Fully Connected and SE Layer: After convolutional feature extraction, a flattening layer is employed to reshape the multi-dimensional feature maps, ensuring that the data format is compatible with the subsequent fully connected mapping and processing units. A 24-dimensional fully connected layer is then used for feature compression and combination. Subsequently, the SE mechanism is applied to perform an adaptive recalibration of the feature channels, enhancing critical fault-related features while suppressing redundant information. This process results in a more precise and discriminative feature representation for fault diagnosis.

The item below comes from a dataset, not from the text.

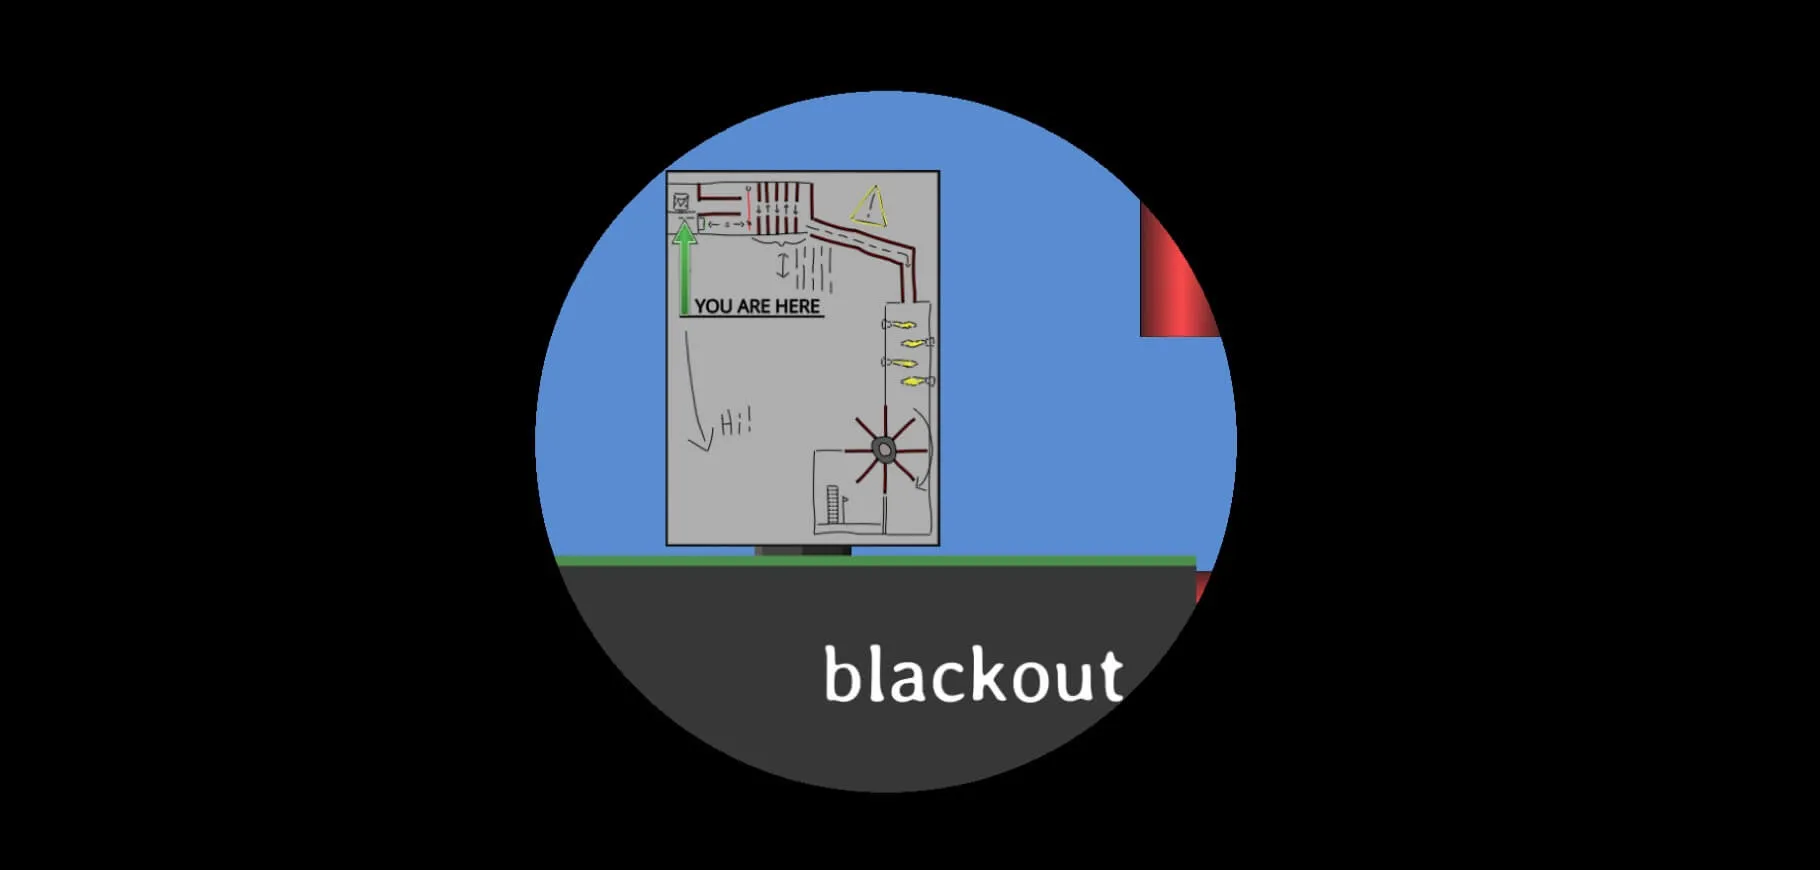 blackout level screenshot from the steam game reflex runner.

Output Layer: The final fully connected layer outputs four feature dimensions, which are normalized by a Softmax layer to form a probability distribution across fault classes. The Softmax ensures that the sum of probabilities equals one, and the class with the highest probability is taken as the predicted fault type.
5. Conclusions
To address the challenge of insufficient training samples in motor fault diagnosis, this work proposes a DCGAN-based method with a spectrum-aware screening mechanism. Taking vibration signals as the research object, by integrating image constraints with high spectral similarity into the generative network, the proposed approach improves both the distributional consistency and the discriminative power of synthetic samples, thereby ensuring higher quality signal generation. For classification, a ResNet enhanced with an SE module is designed to capture both local details and global temporal dependencies, leading to more robust feature representations. Extensive experiments were conducted on the CWRU fault datasets, the stator interturn fault dataset, and the HUST fault datasets. The results demonstrate the effectiveness of the method under limited data conditions. For example, on the HUST motor fault dataset, the diagnostic accuracy increased by 2% after adding the generated samples. For the stator inter-turn short circuit fault dataset, the diagnostic accuracy 95.11% without generating samples, and increased to 99.44% when 40 generated samples per class were used. On the CWRU dataset, the model achieved nearly 100% accuracy, confirming the strong generalization capability of the approach. Moreover, the key novelty of this work lies in the spectrum-aware closed-loop design, which distinguishes our approach from conventional loss-regularized GANs. By screening and rejecting frequency-consistent samples, we ensure both stability and diversity in small sample augmentation. In addition, the integration of a ResNet-SE classifier allows for the simultaneous capture of local and global features, achieving superior accuracy under highly constrained conditions. This dual-level innovation, at both the data generation and classification stages, provides a systematic solution to small sample motor fault diagnosis, with a strong potential for extension to other rotating machinery.
The future research directions will focus on addressing the limitations of laboratory-based data and further enhancing the practicality and adaptability of the proposed method. On the one hand, we will study fault diagnosis methods under variable operating conditions and strong noise environments, aiming to narrow the gap between laboratory research and real-world applications. On the other hand, we will optimize the generative network to adapt to different types of motor faults and motor models (e.g., high-voltage industrial motors and permanent magnet synchronous motors), improving the generalization ability of synthetic samples across diverse fault categories and motor configurations. Finally, we will investigate the combination of the spectrum-aware GAN frameworks with transfer learning or federated learning to address the problem of insufficient labeled real-world fault data, further improving the diagnostic performance and practical value of the method in small-sample industrial scenarios.